Эрнст ничего этого не слышал и не воспринимал. Он сидел в Приюте Грез и писал. Весны он вообще не заметил, а наступление ночи ощущал лишь из-за того, что не мог больше писать. Он трудился над большим произведением в память о Фрице. Когда нотное перо падало из пальцев и Эрнст устало откидывался на спинку кресла, перед его внутренним взором, словно заблудшее привидение, проходила вся его жизнь. Он растерял все, осталась лишь спокойная любовь к Элизабет. Теперь он уже не понимал, как мог хотя бы минуту думать о Ланне. Элизабет он уже давно не видел.
Наконец Эрнст вчерне закончил свой труд. В тот день, когда он отложил в сторону перо, пришло письмо от Бонна, директора Музыкального театра, в котором тот предлагал Эрнсту место капельмейстера в Мюнхене на весьма благоприятных условиях. Эрнст отложил письмо в сторону. После только что законченного труда ему показалось тесно в четырех стенах. Он вышел из дома и только тут заметил, что на дворе лето.
Эрнст направился к городскому валу, бродил там среди деревьев и удивлялся, как свободно и легко вновь бьется его сердце после многих недель напряженного труда.
И вдруг увидел Элизабет. Он поспешил ей навстречу и сказал почти в своей прежней манере:
— Пойдем, Элизабет, я закончил одну прекрасную вещь, пошли скорее!
Она в изумлении уставилась на него. Прежний Эрнст вновь проступал наружу, хотя был тише и немного сдержаннее, чем раньше.
— Пойдем в Приют Грез!
По дороге Эрнст рассказал о своем произведении.
— Это не реквием, Элизабет. Скорее это можно было бы назвать музыкальной пьесой для сцены.

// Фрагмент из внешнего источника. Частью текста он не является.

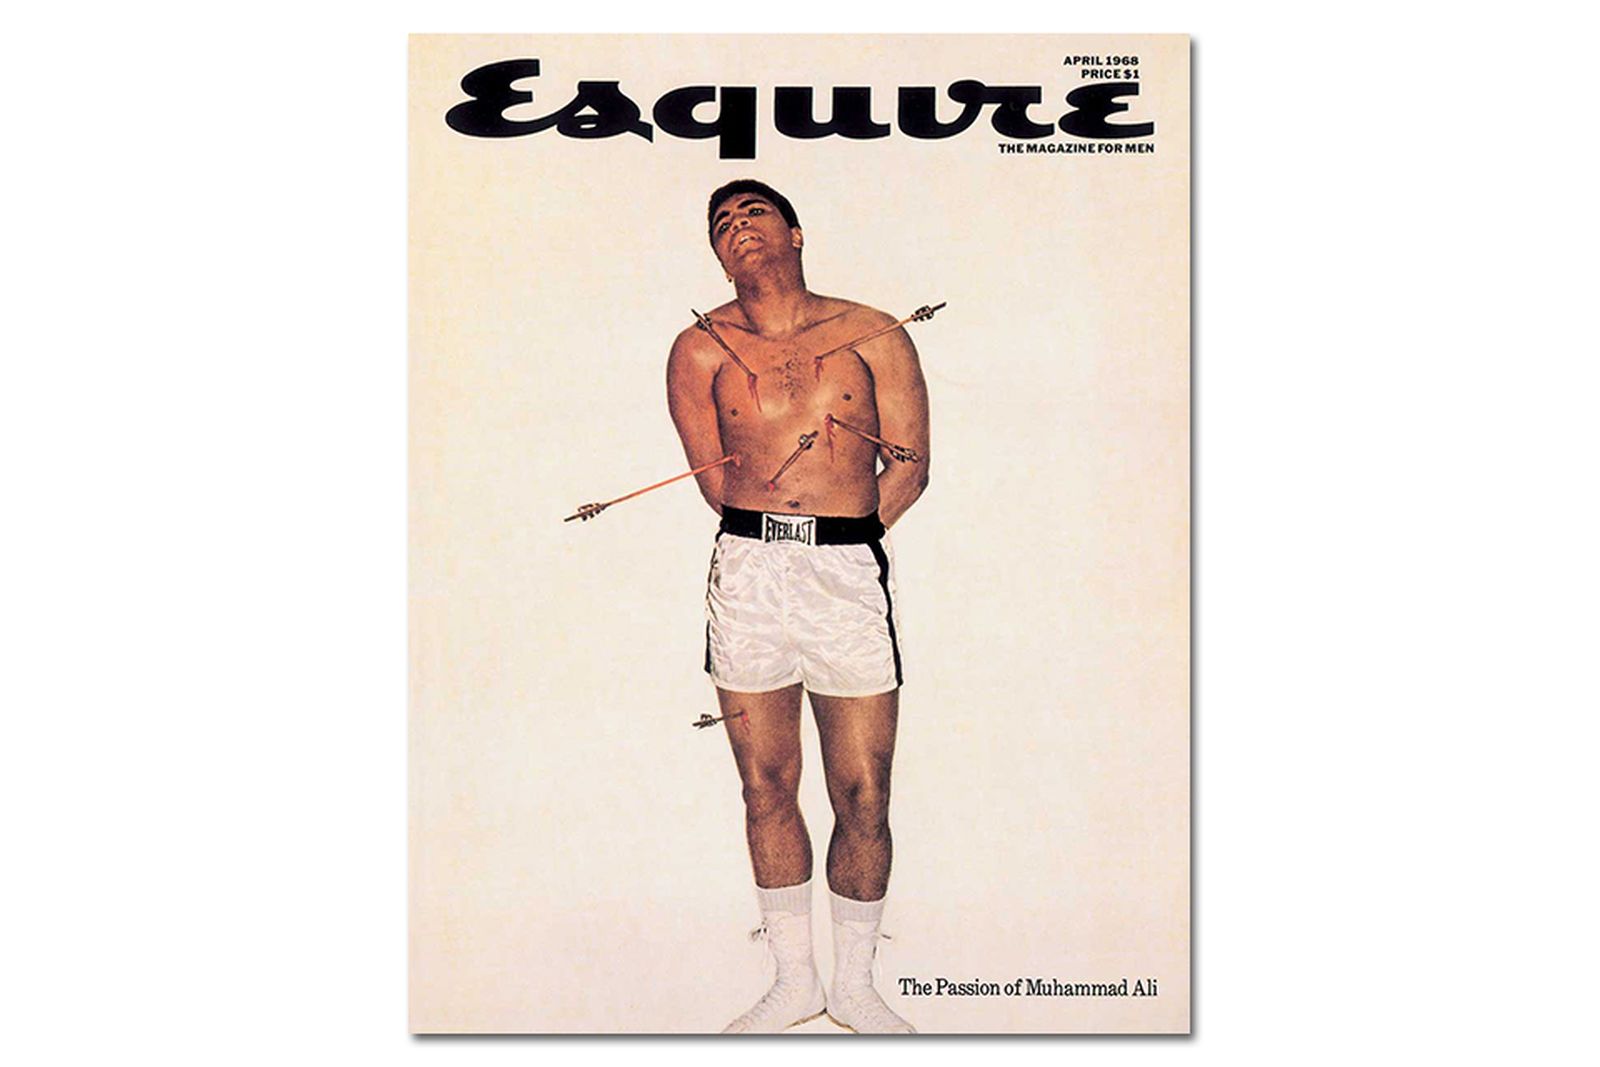 The-20-Most-Memorable-Magazine-Covers-of-All-Time-010

Они поднялись по лестнице в мастерскую. Эрнст торопливо вынул из ящика нотные листы и поставил их на пюпитр рояля.
— Недавно судебная инстанция прислала мне завещание Фрица. Текст его предельно краток: «Все, что я имею, принадлежит моему другу Эрнсту Винтеру». Значит, мы можем пользоваться Приютом Грез еще полгода. Вот это — ноты для певицы. В целом текст состоит из стихотворений Фрица и других авторов. Имеется, конечно, партитура для оркестра, а также партии солистов и хора. Сцена изображает аллегории жизни. Первая тема называется так: «Розы — цветы его любви». В зрительном зале темно, как при обычном спектакле. Оркестр очень тихо исполняет увертюру. Серебряная флейта доминирует над рокотанием септаккорда в соль-бемоль мажор. Медленными терциями мелодия флейты опадает, словно мелкие брызги фонтана, и над бормотанием хора взвивается ввысь страстная партия альта: «Розы — цветы его любви».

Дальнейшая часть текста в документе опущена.